I couldn’t find this explicitly stated in the documentation:
I presume for pathway abundances, it allowed genes with identified functions to be assigned to > 1 pathway, and therefore the quantification is somewhat overlapping?
How could you take this into consideration with analysing results statistically? (I’d love to correlate differences in pathway abundance with a continuous metadata variable I have for the samples).
I used limma-trend on logCPM values calculated from the RPK values for analysing gene family abundance. Is this suitable, or would a different method be preferable
All help is much appreciated
Bumping this thread for attention
Apologies for missing this question before the bump.
You’re correct about genes potentially contributing to multiple reactions which themselves can contribute to multiple pathways. We typically don’t take any special steps to compensate for these phenomena, instead just sum-normalizing pathways to relative abundance (or CPM) units and then performing metadata associations with MaAsLin 2 or other microbiome-appropriate methods. Sum-normalizing has the effect of adjusting for sequencing depth, but also allows you to focus on relative coverage of pathways within and between samples.

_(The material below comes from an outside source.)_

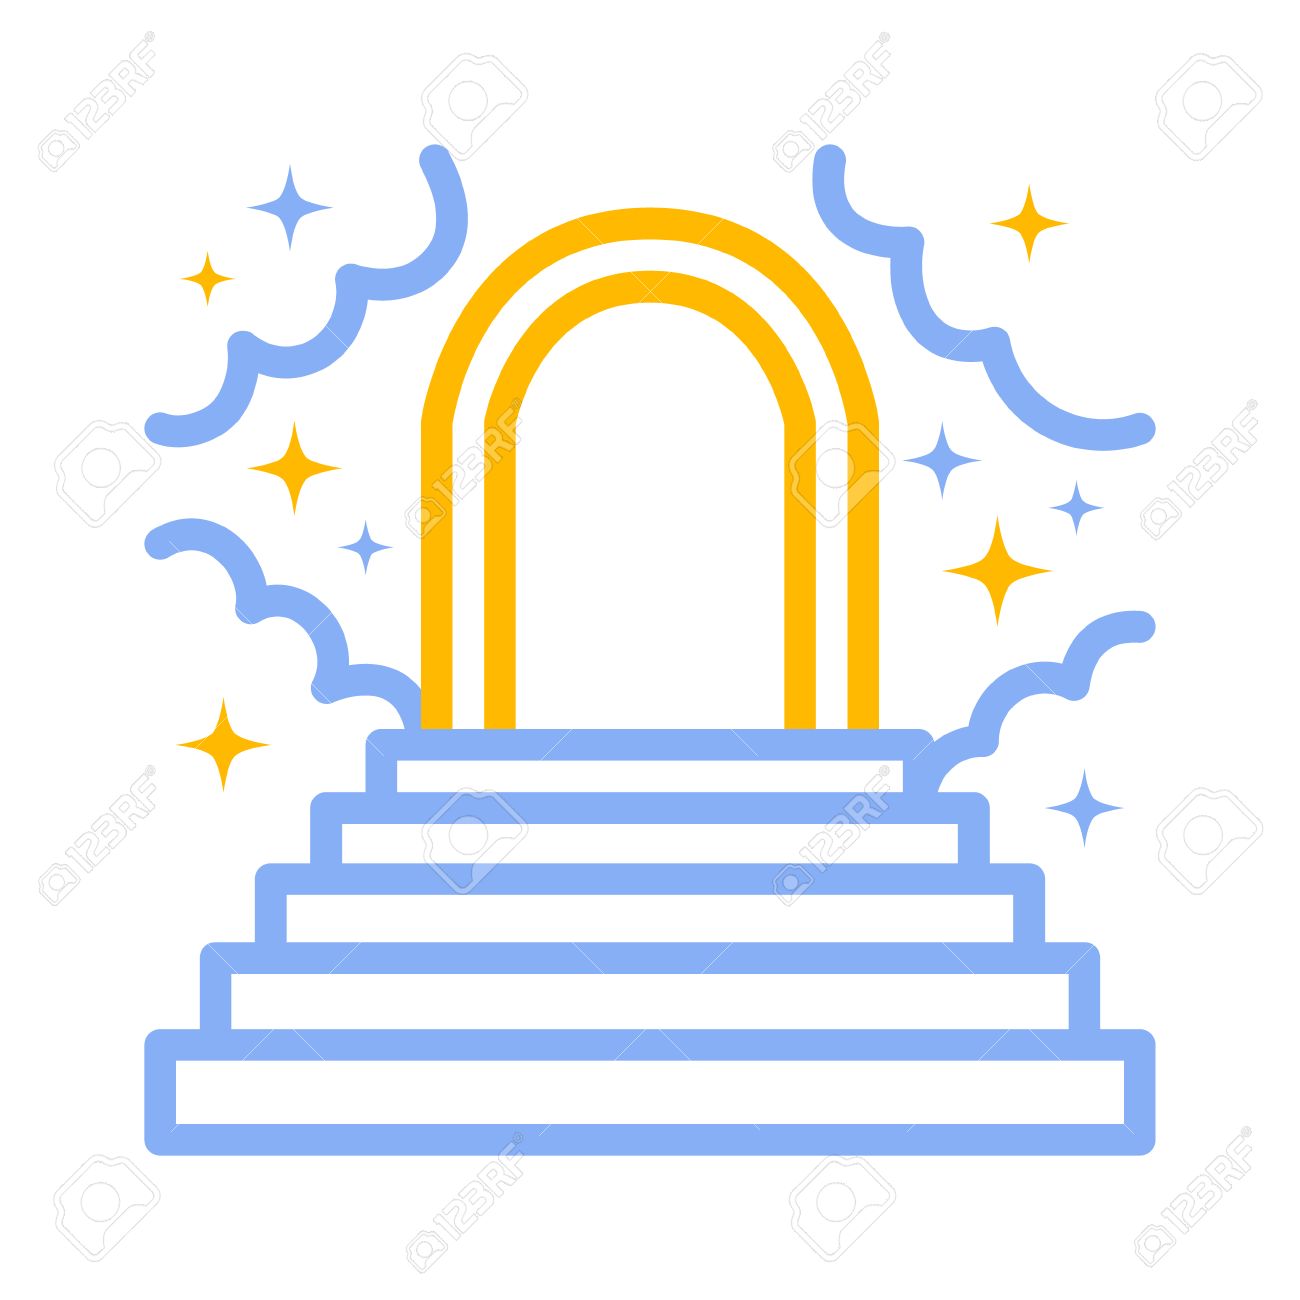 gate clipart heaven's gate

An alternative approach would be to sum-normalize your genes to CPM units and then run them BACK through HUMAnN to directly compute pathway abundance in CPM units. This approach is a little bit “cleaner” in that it doesn’t count any reads twice when adjusting for compositionality, and may also better handle data sets with large differences in the fraction of read mass assigned to pathways.
Both approaches are valid and we typically use the former for simplicity. As long as you describe your choice clearly (and are aware of potential PROs/CONs) you should be in good shape.